- _Listed records_
——

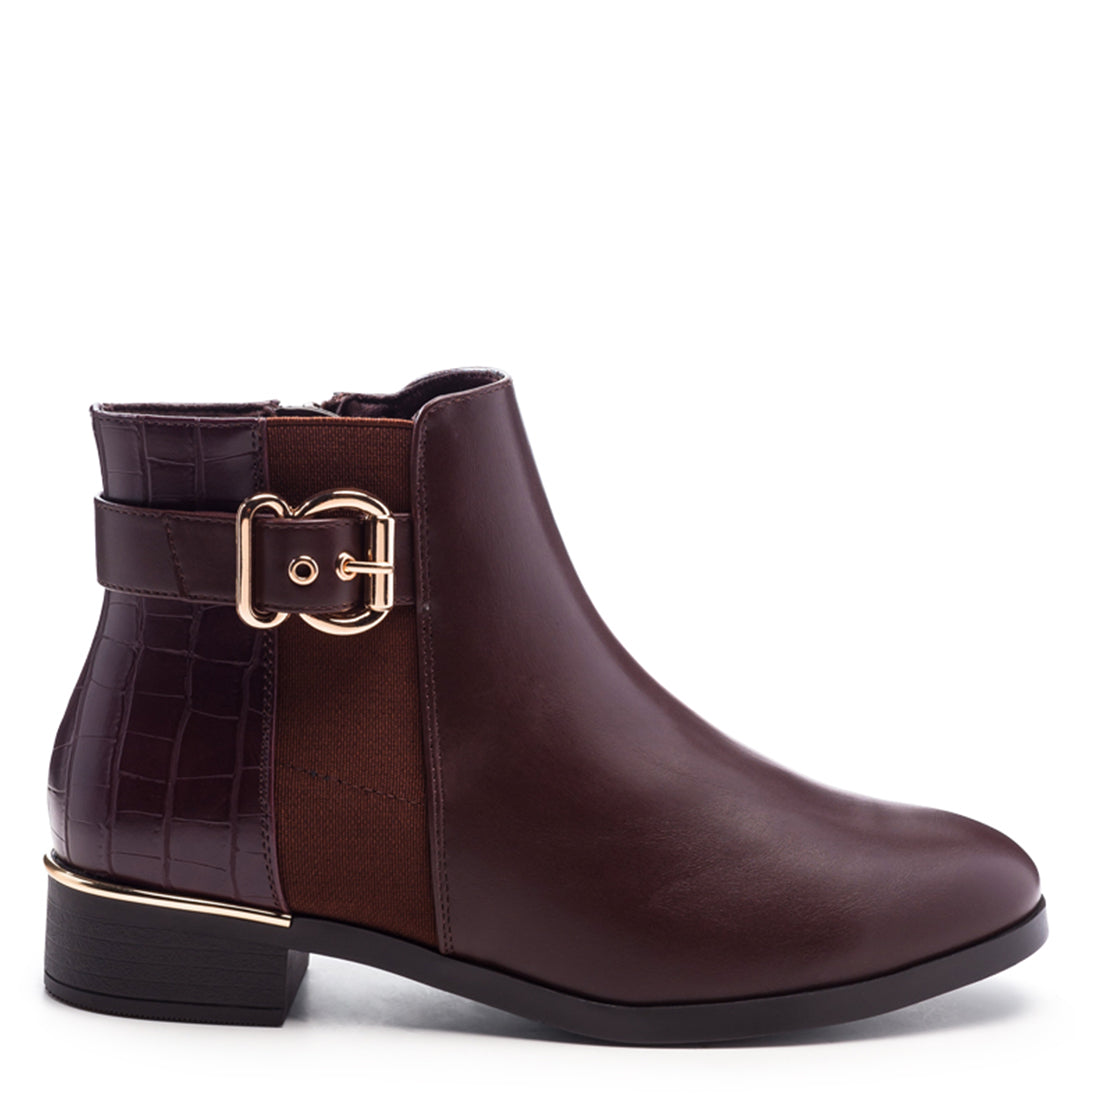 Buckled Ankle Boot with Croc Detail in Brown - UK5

——

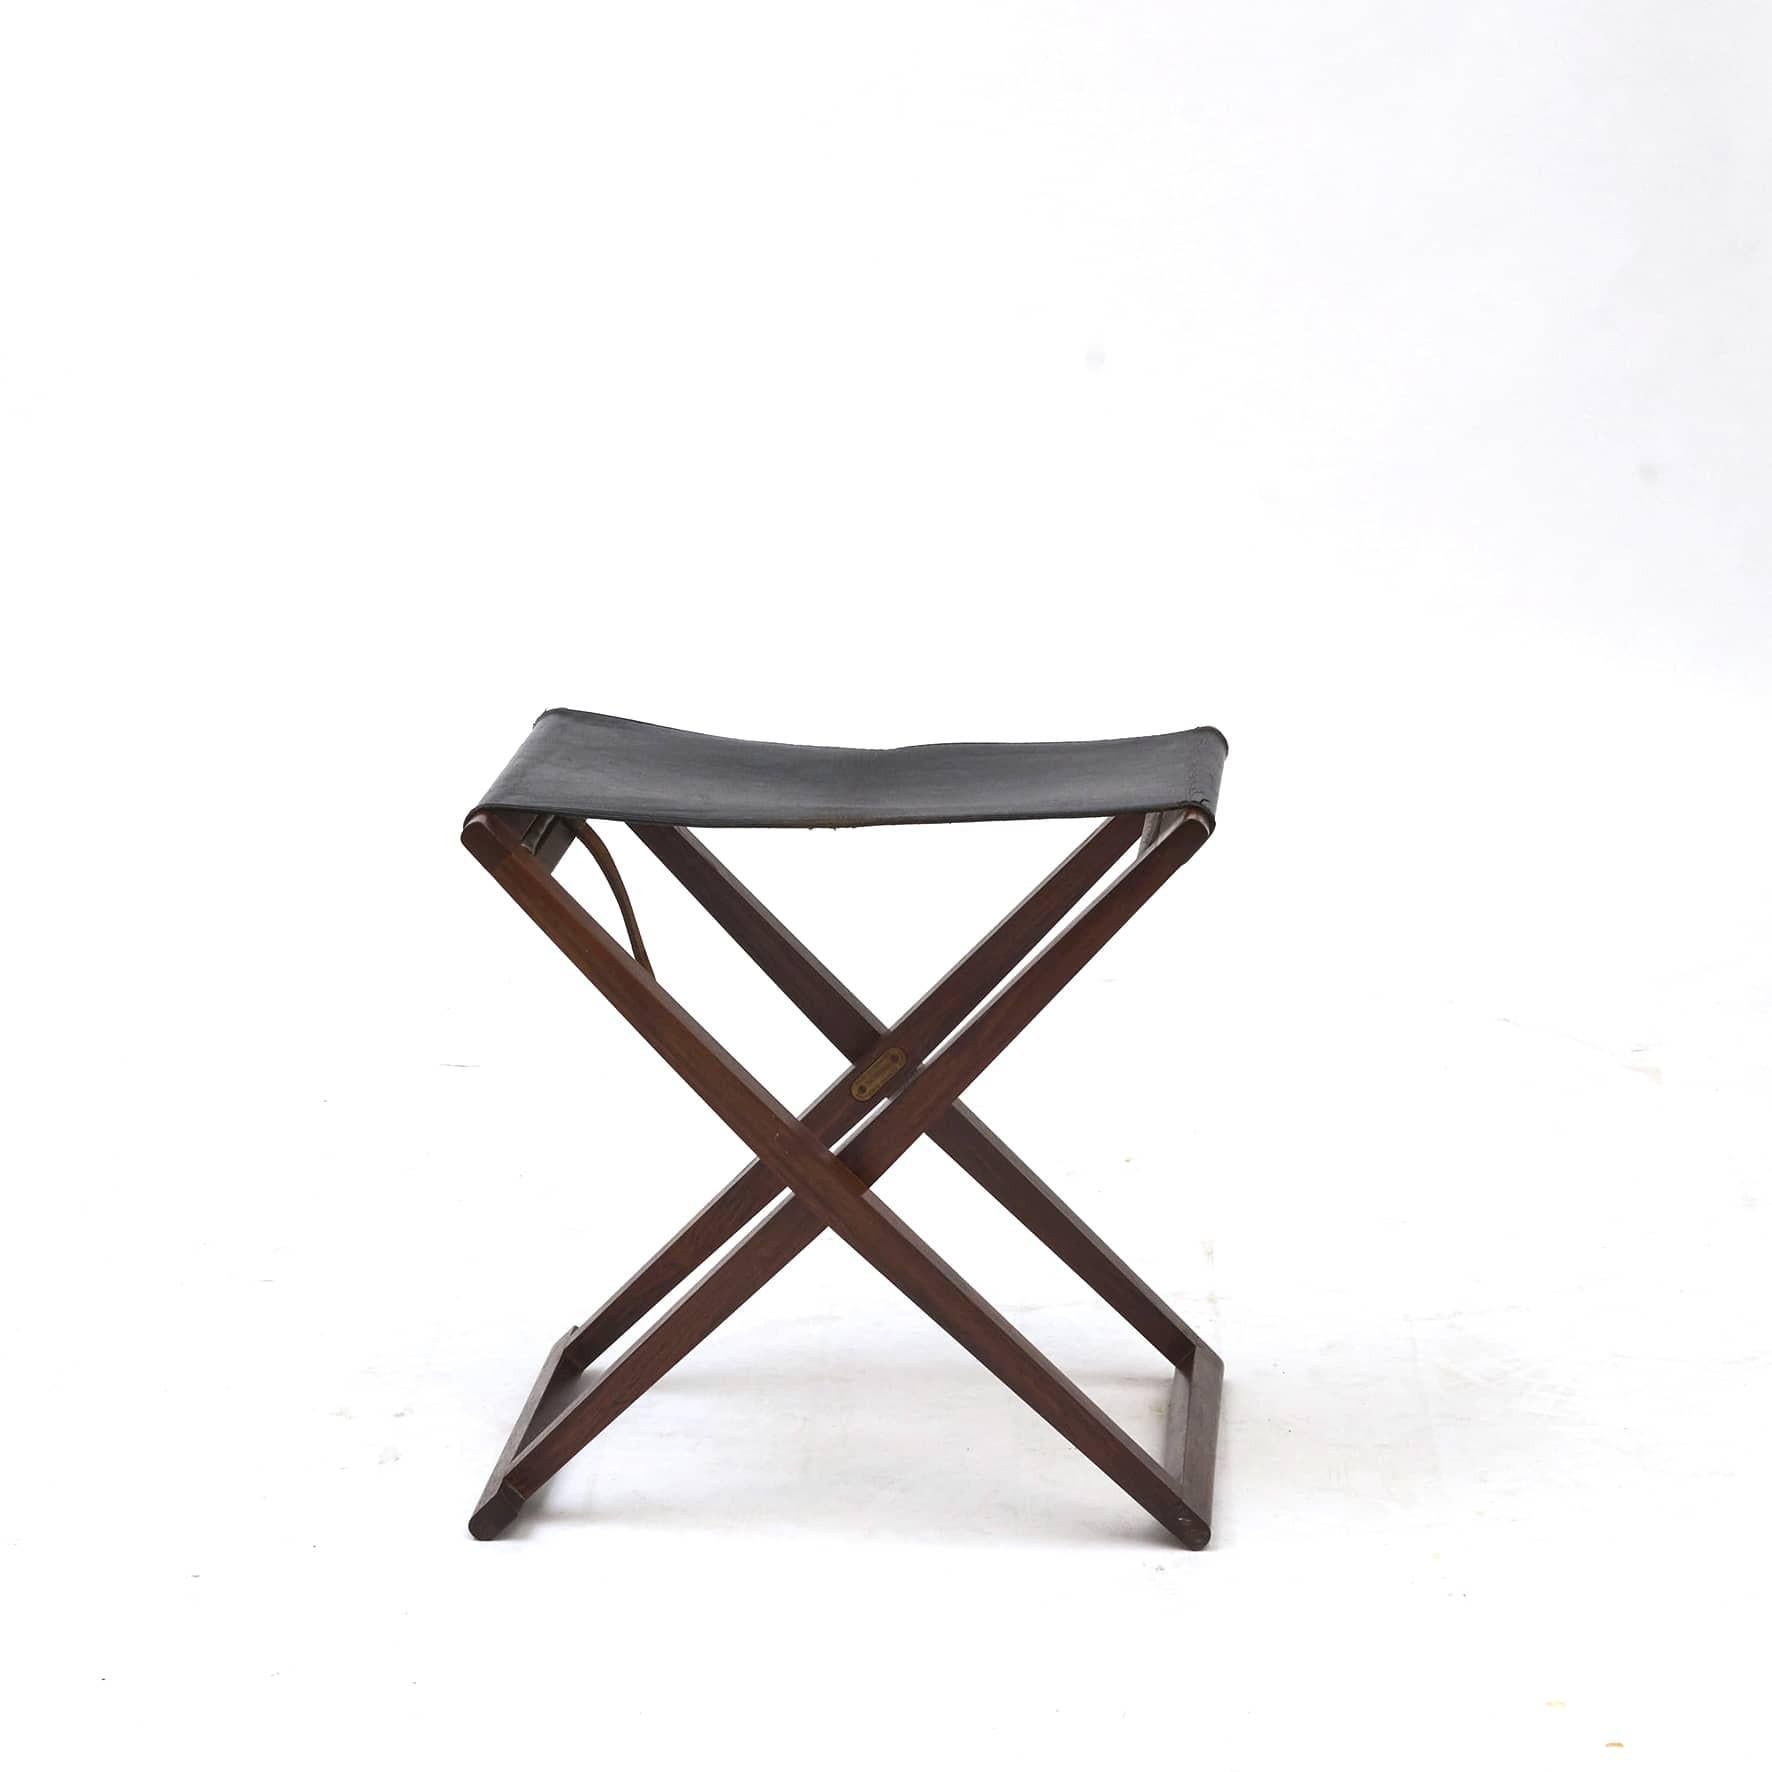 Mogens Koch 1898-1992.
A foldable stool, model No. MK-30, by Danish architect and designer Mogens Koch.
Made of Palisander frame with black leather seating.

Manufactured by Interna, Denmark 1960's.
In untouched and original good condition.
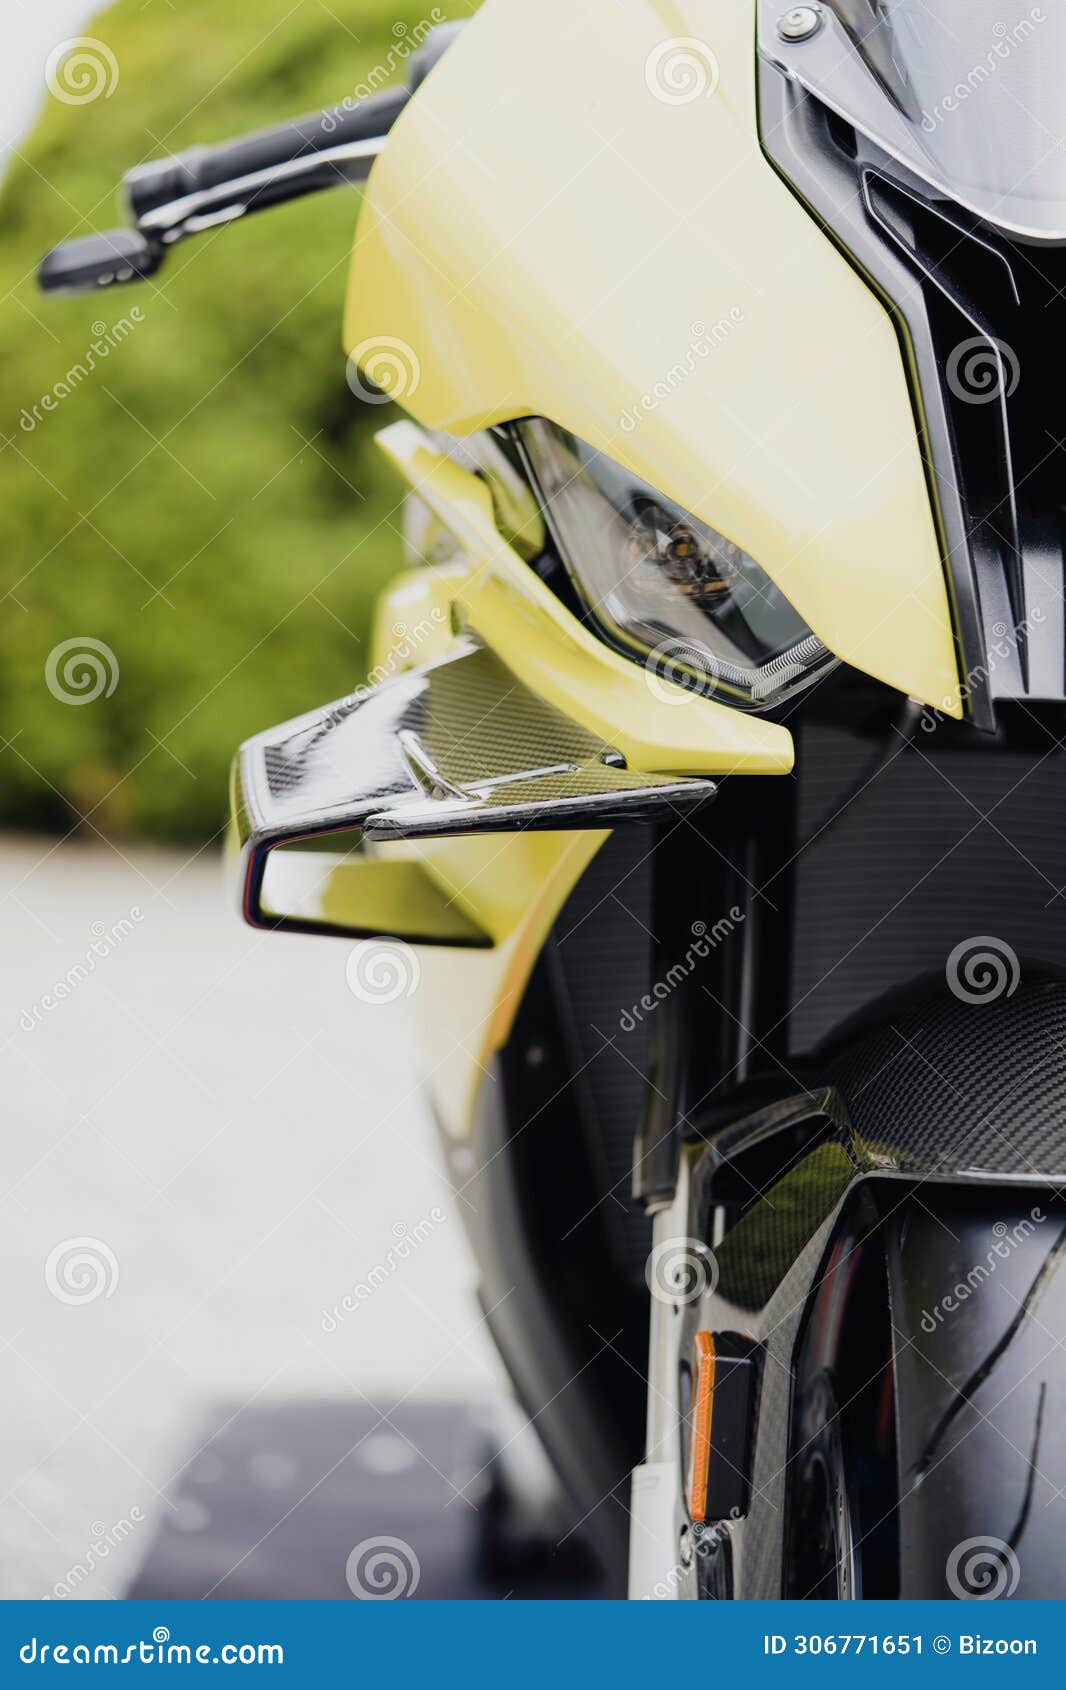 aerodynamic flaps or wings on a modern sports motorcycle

——

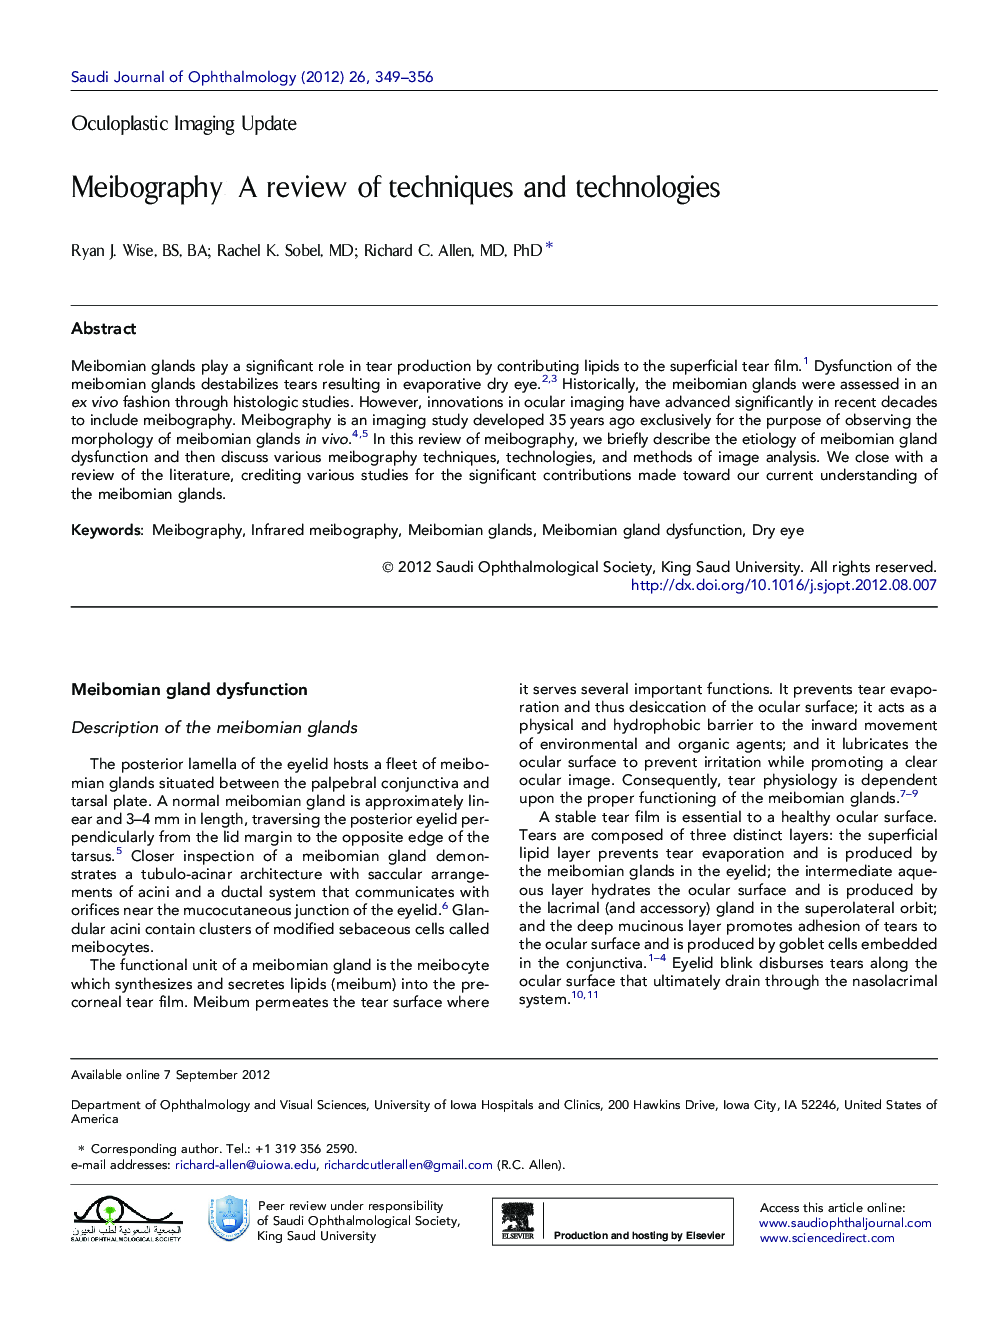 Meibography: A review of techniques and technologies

——

Starting at the line above with "Made of Palisander", output every line exactly up to and including the line with "aerodynamic flaps or", but none of the pictures.

- _Answer section_
Made of Palisander frame with black leather seating.

Manufactured by Interna, Denmark 1960's.
In untouched and original good condition.
 aerodynamic flaps or wings on a modern sports motorcycle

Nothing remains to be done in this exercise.